Q: If I get locked out of my account when I type three wrong passwords, how are hackers able to use guessing to break in?
Hackers and security experts are in a constant chess match that never ends: Each move by one party causes the other party to take a new approach.
A couple of commonly-used approaches by hackers to break passwords are often referred to as dictionary and/or brute force attacks. They’re essentially computer programs that can generate millions, if not hundreds of millions of guesses per second.
The notion that hackers sit at a computer using the same login screens we all use to try to access our accounts is the first one we need to correct.
Often times, they are using an offline attack combined with automation and breached data to break passwords on specific sites. Since the attack is offline — meaning they have acquired enough cryptographic information to attempt to break passwords — they aren’t subject to the password lockout protection.
It gets a bit complicated, but they can just set their computers to compare the specially-encoded information against known passwords in what are called “rainbow tables,” which allows them to find matches.
The lack of understanding of how hackers actually hack passwords and the false sense of security caused by account lockout mechanisms leads to complacency by so many users.

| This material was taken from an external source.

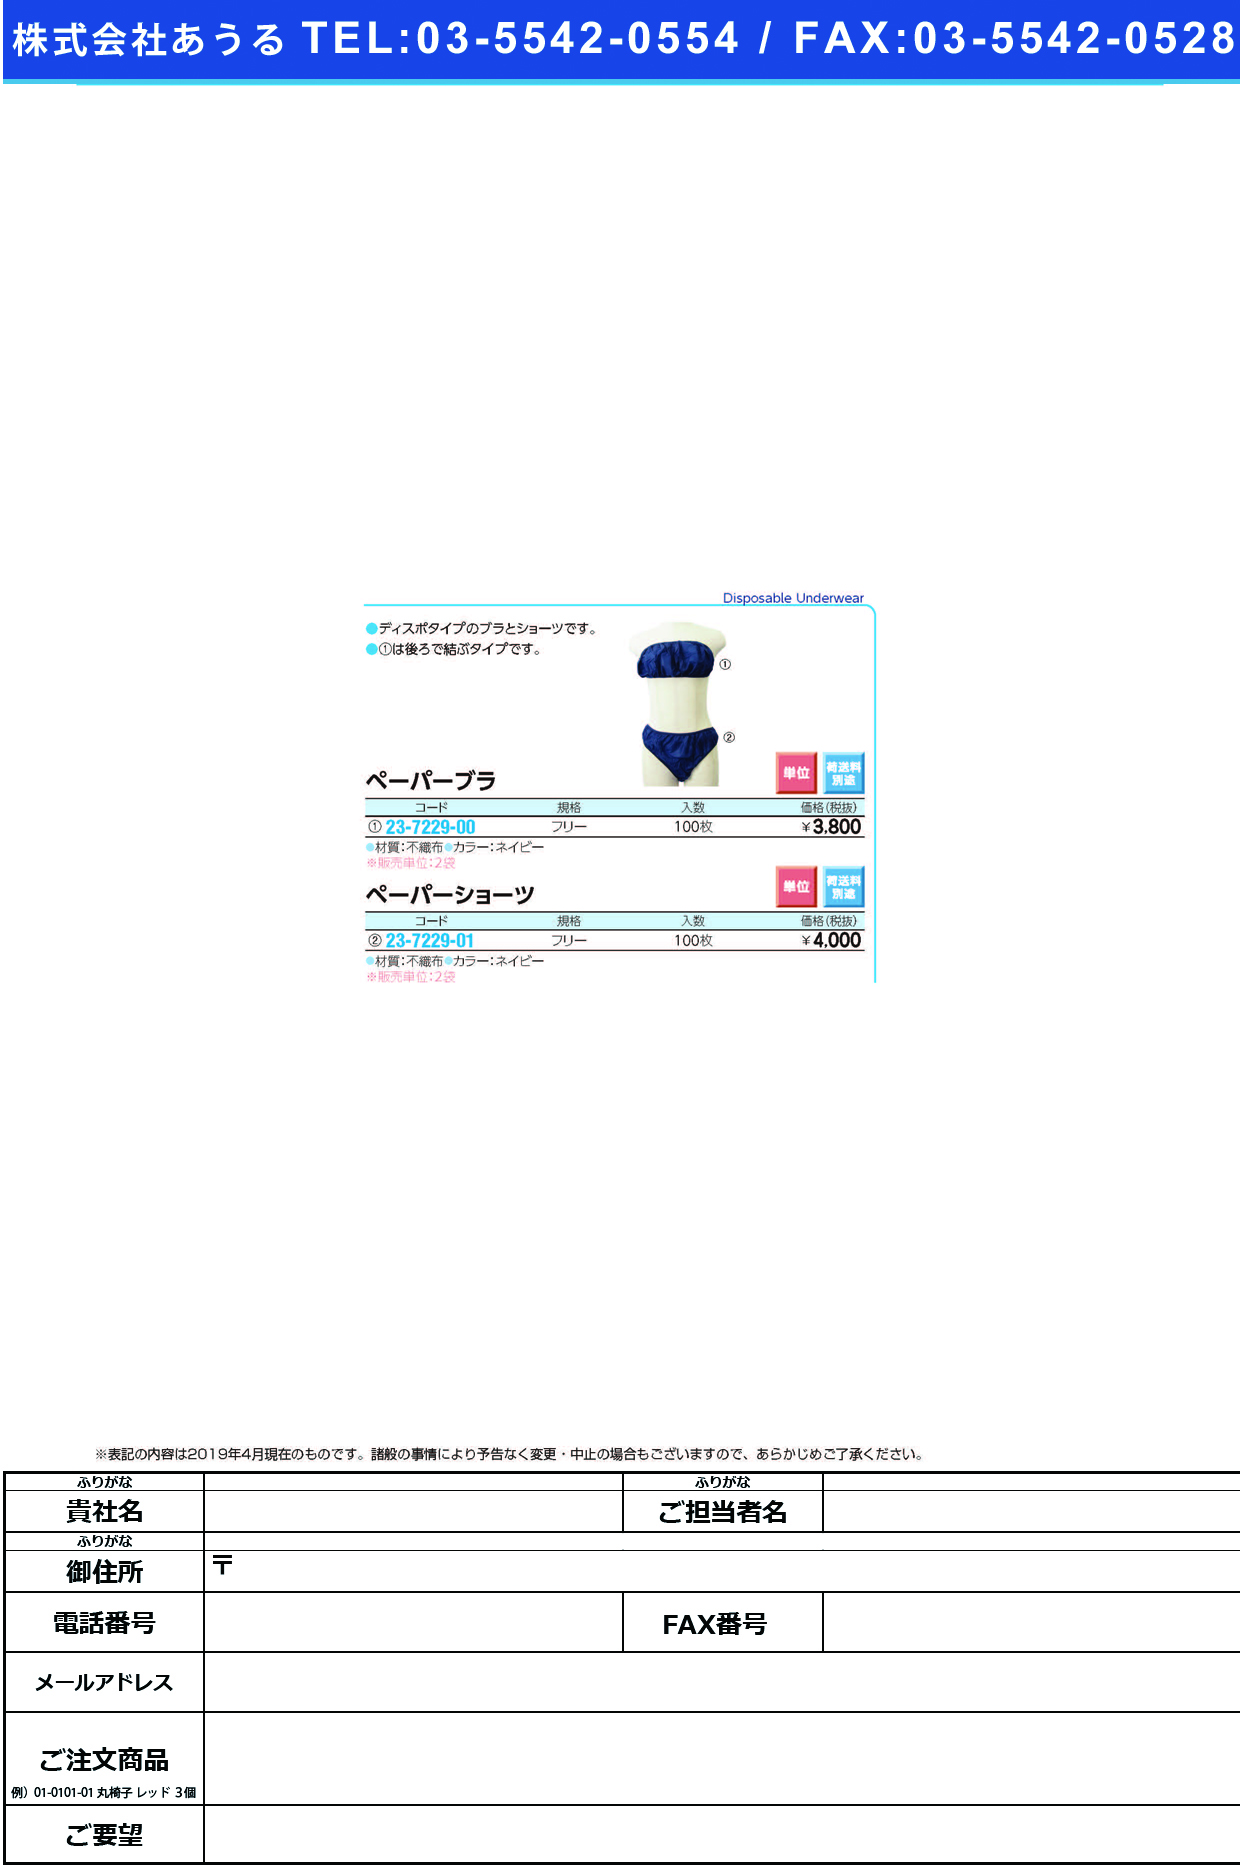 (23-7229-00)ペーパーブラ ﾈｲﾋﾞｰ(100ﾏｲｲﾘ) ﾍﾟｰﾊﾟｰﾌﾞﾗ【2袋単位】【2019年カタログ商品】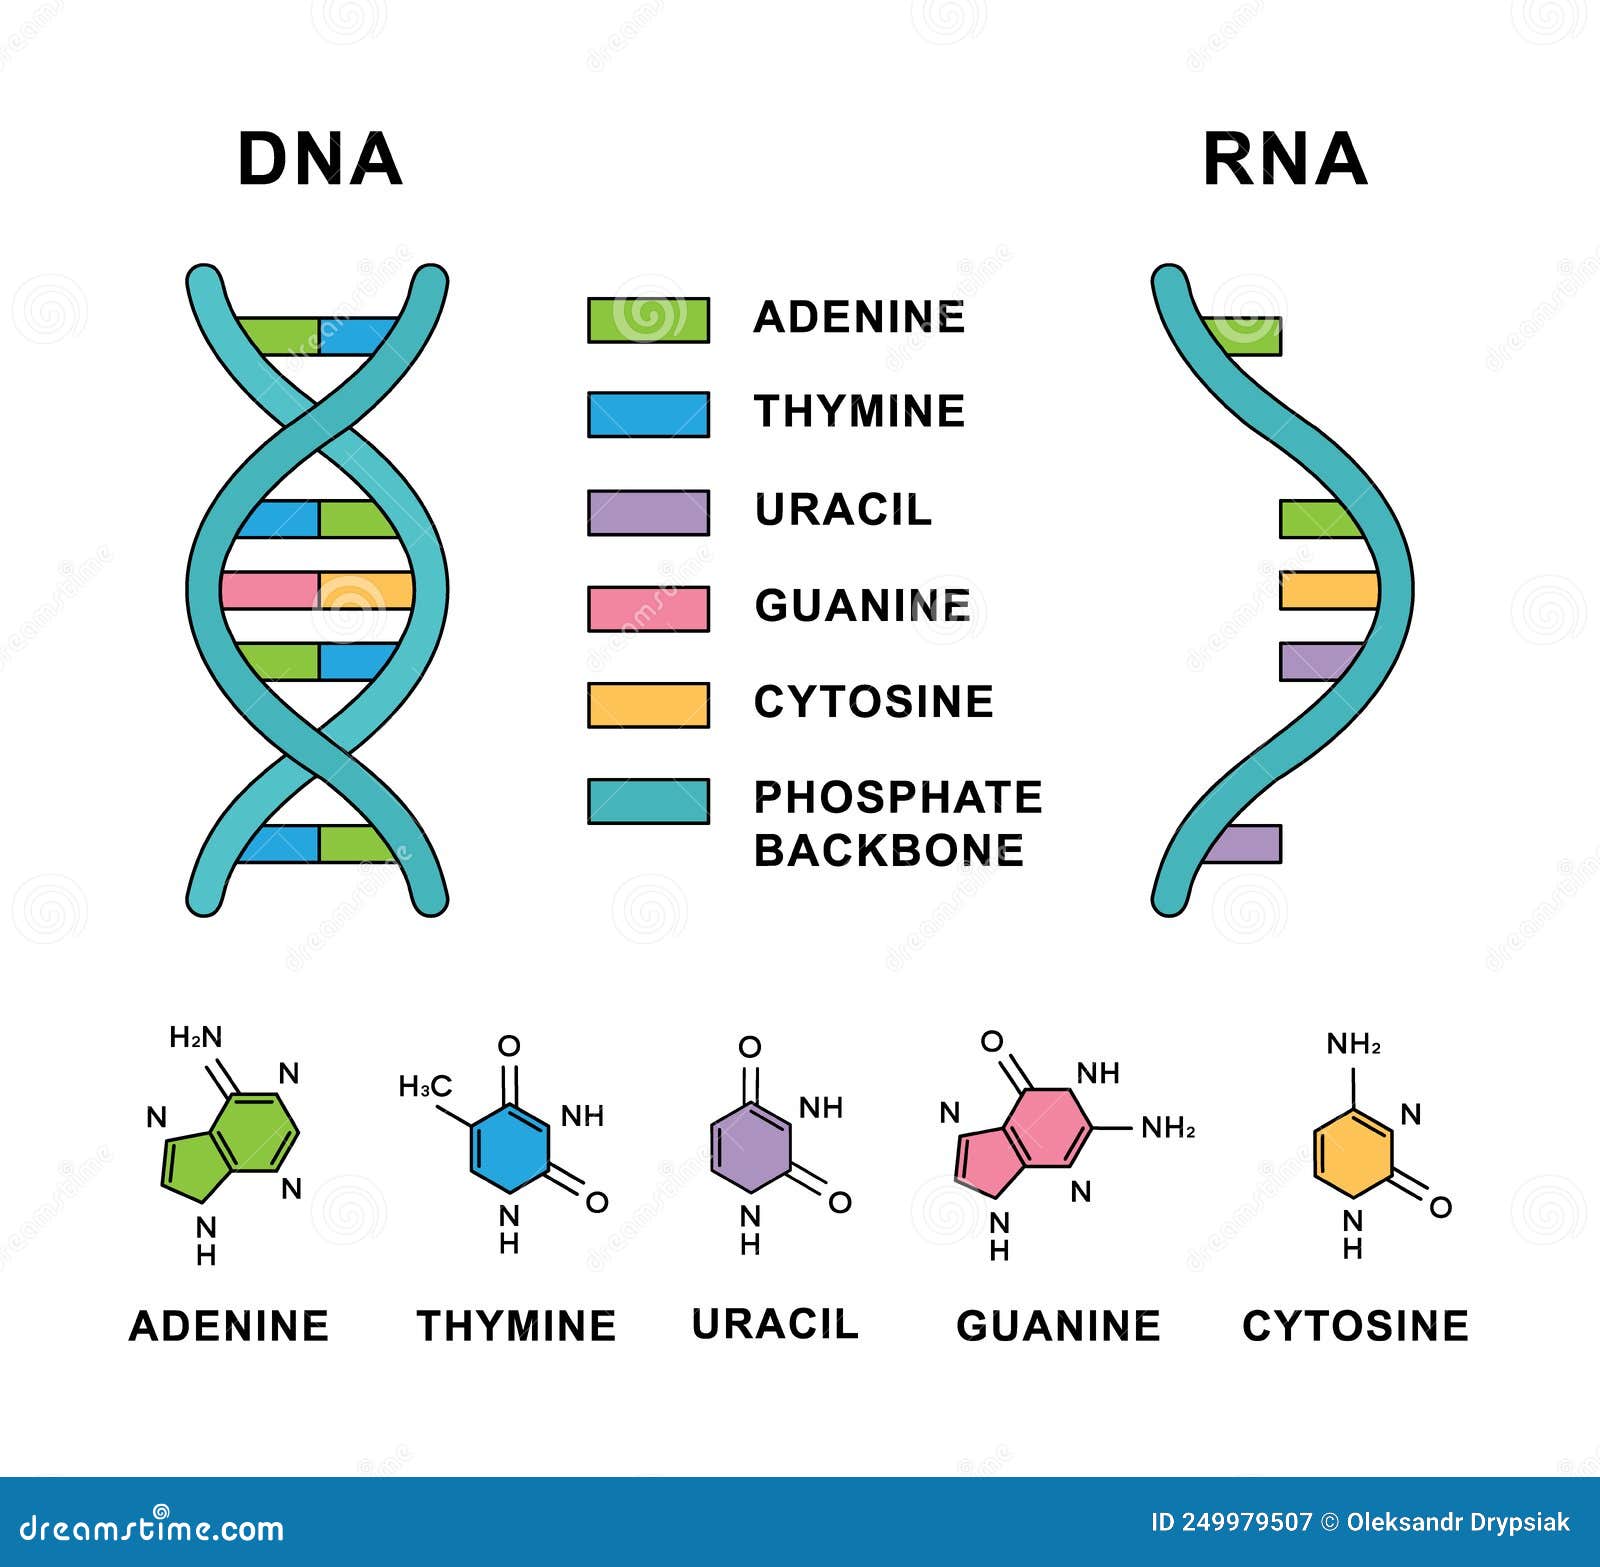 Рнк гуанин цитозин. Аденин гуанин цитозин Тимин урацил. РНК аденин урацил гуанин. Тимин гуанин цитозин Тимин РНК И ДНК. ДНК И РНК аденин Тимин гуанин цитозин урацил.

According to the Privacy Rights Clearinghouse, there have been 895,605,985 records breached from 4,746 data breaches since 2005. Keep in mind, this number only represents the data breaches that have been made public.
Every data breach that exposes user passwords allows the hacking community to continue to compile huge rainbow tables, so even if you haven’t used a password before, if it’s too common, you’re an easy target.
If the general non-hacking public can get its hands on the top 10,000 most commonly used passwords in 30 seconds on Google, how many passwords do you think professional cyber-thieves have compiled?
This is why using the same password for multiple online accounts can easily make you a victim, especially at sites that use your e-mail address as your username.
Complex eight-character passwords are nearly useless in today’s environment. Creating long pass phrases instead is a better way to reduce your chances of being victimized by the powerful hacker guessing game.
For example, “I Hate Passw0rds!” is much more secure than A8y@q7P1 and much easier to remember.
The longer the password, the less likely it can be broken via the high-speed guessing game, so shoot for at least 15 characters.
You should also assume that your passwords will be compromised by a data breach at some point, so activating two-factor authentication on your accounts will help keep the bad guys out, even if they do get your passwords!